If its service is typically regulated by the government, what are the intents of the regulations and does the company meet those standards? Many countries regulate the microfinance industry to prevent fraud, protect consumers, and stabilize financial markets. Regulations change from country to country; for example, the Reserve Bank of India requires that loans made to non-government microfinance institutions have a minimum term of 3 years. Kiva has found ways to work within these regulations by holding on to repaid loans for 3 years before sending repayments back to lenders. Other countries, such as Ecuador, impose interest rate caps and/or extra taxes on internationally-funded microfinance organizations; these regulations directly impact Kiva's field partners, who must find ways to comply.
Compare the number of users to contributors: More contributors than users
If its service is provided by many contributors, how are their contributions aggregated? An international network of 274 (as of September 8, 2014) microfinance organizations screens borrowers, posts loan requests to Kiva, disburses loans to borrowers, and collects repayments from borrowers. When a lender makes a loan, Kiva delivers the funds to the local Field Partner, who then takes charge of loan administration.


Describe the workflow for how the service is advertised, how the contributors contribute, and what the users get in the end: Kiva advertises 4 simple steps for lenders: 1)choose a borrower 2)make a loan 3)get repaid 4)repeat! The contributors give in step
What is the scale of Kiva in terms of users? As of September 8, 2014, there are 1,219,715 active lenders on Kiva who have funded 1,409,460 borrowers.
What is the scale of Kiva in terms of dollars? As of September 8, 2014, there has been $607,594,600 made in loans.

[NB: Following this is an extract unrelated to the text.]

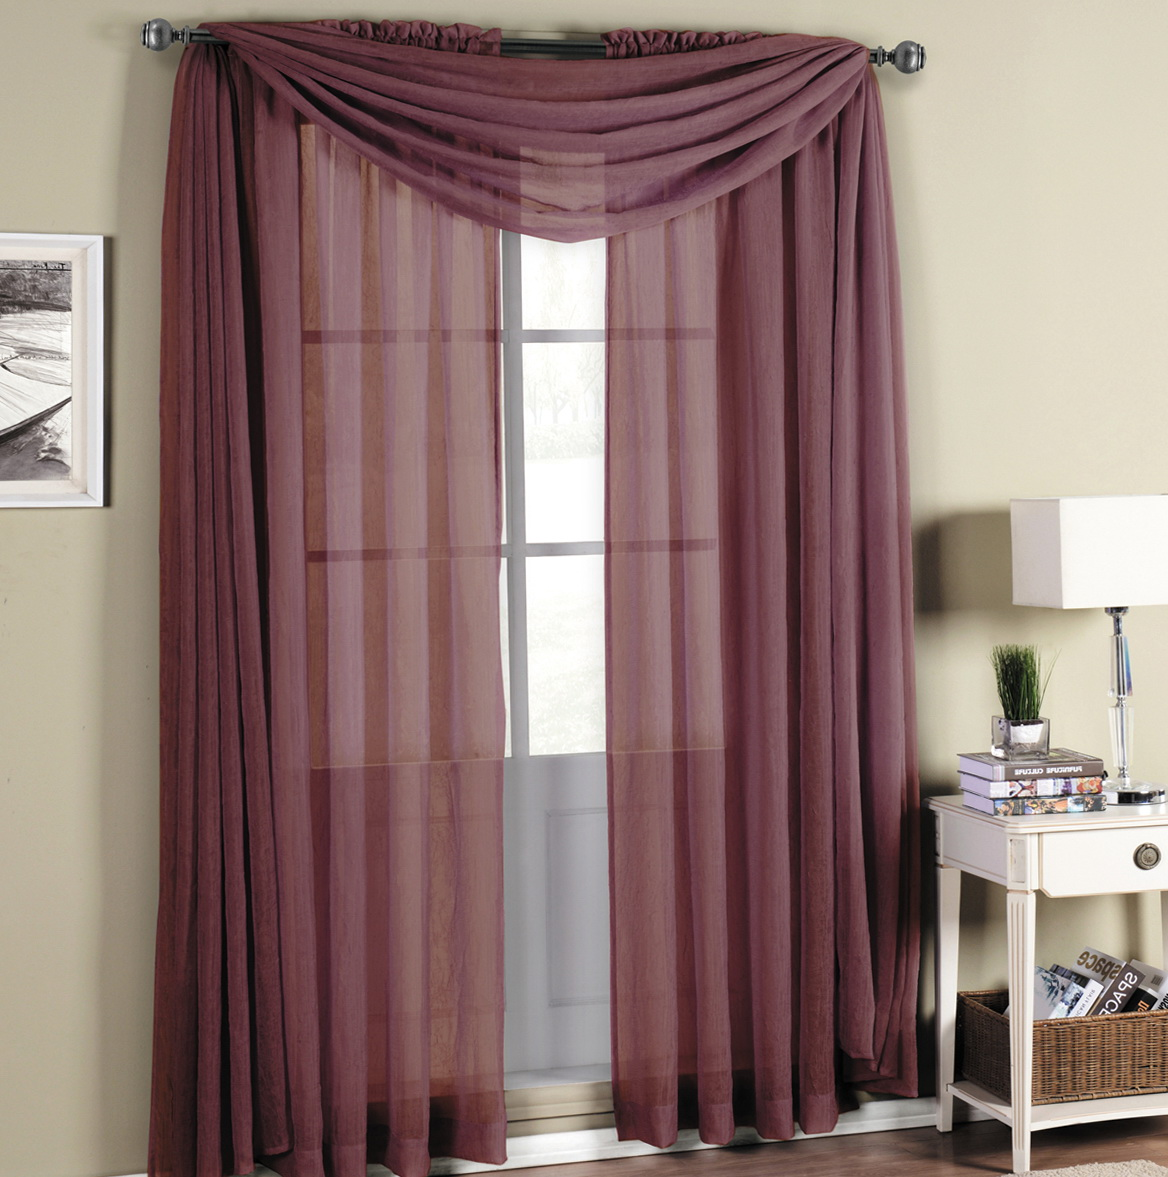 Tiffany Blue Sheer Curtains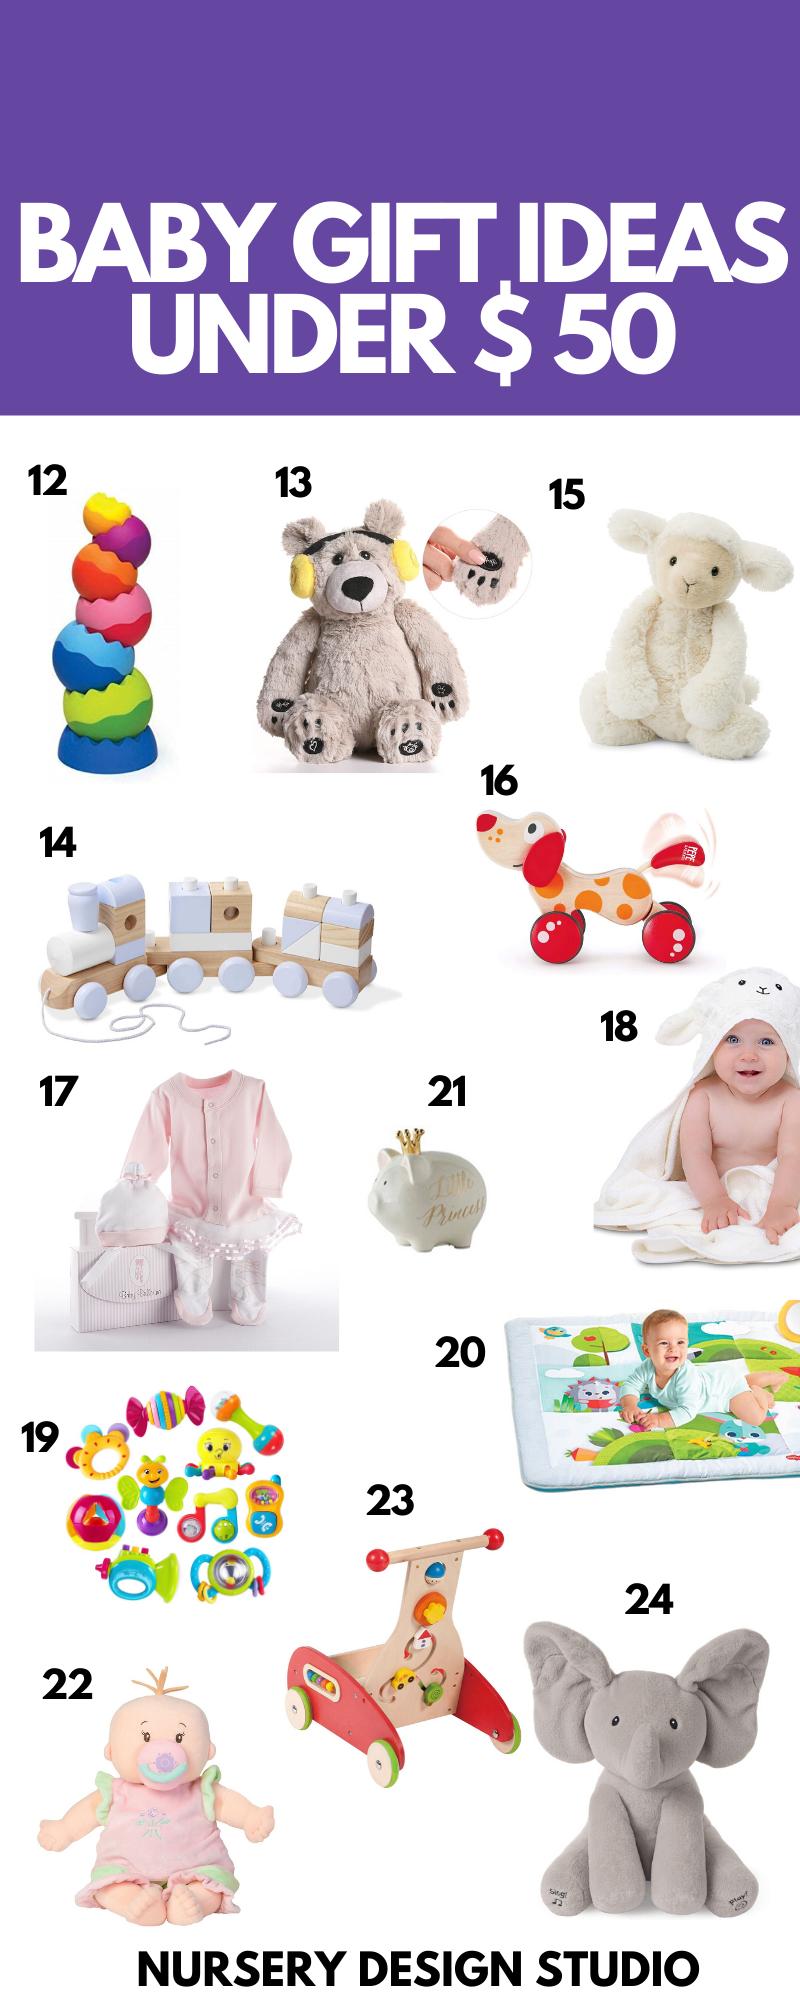 BABY GIFT IDEAS UNDER 50 DOLLARS

If Kiva were to scale up to 10-100 times its current size, how well do you think would its business model would work? Yes, The incentive--your money is paid back to you to give again--will always be a component of the Kiva model, even at a huge scale. The quality of the user experience could go down, if it becomes impossibly hard to search for a great loan and some entrepreneurs never receive funds. (The amount of lender) * (the average amount of money they give) must always be nearly equal to the total amount of money that all loans on Kiva are asking for.
What kind of organization is it? Non-profit organization
How does Kiva generate revenue? Kiva is entirely dependent upon donations. For every loan they make, lenders are encouraged to donate an additional few dollars directly to Kiva: “The majority of Kiva donations are provided by our lenders, who 'tip' us on top of the loans they make to borrowers. … A large majority of the rest of our donation income is provided by foundations, who encourage us to create innovative programs to serve the poor more effectively (e.g. Google.org funding of Kiva Labs).”
Anything else? I think they're wonderful. I'm very curious who their first supporters were, because they have a web interface that's top of the line and obviously required some serious initial investments. There have been a few corrupt field partners, and the model they present isn't entirely honest (they distribute funds to the borrower before publicly posting their profile), but they get the job of microfinancing done with more efficiency and less uncertainty than has traditionally been seen.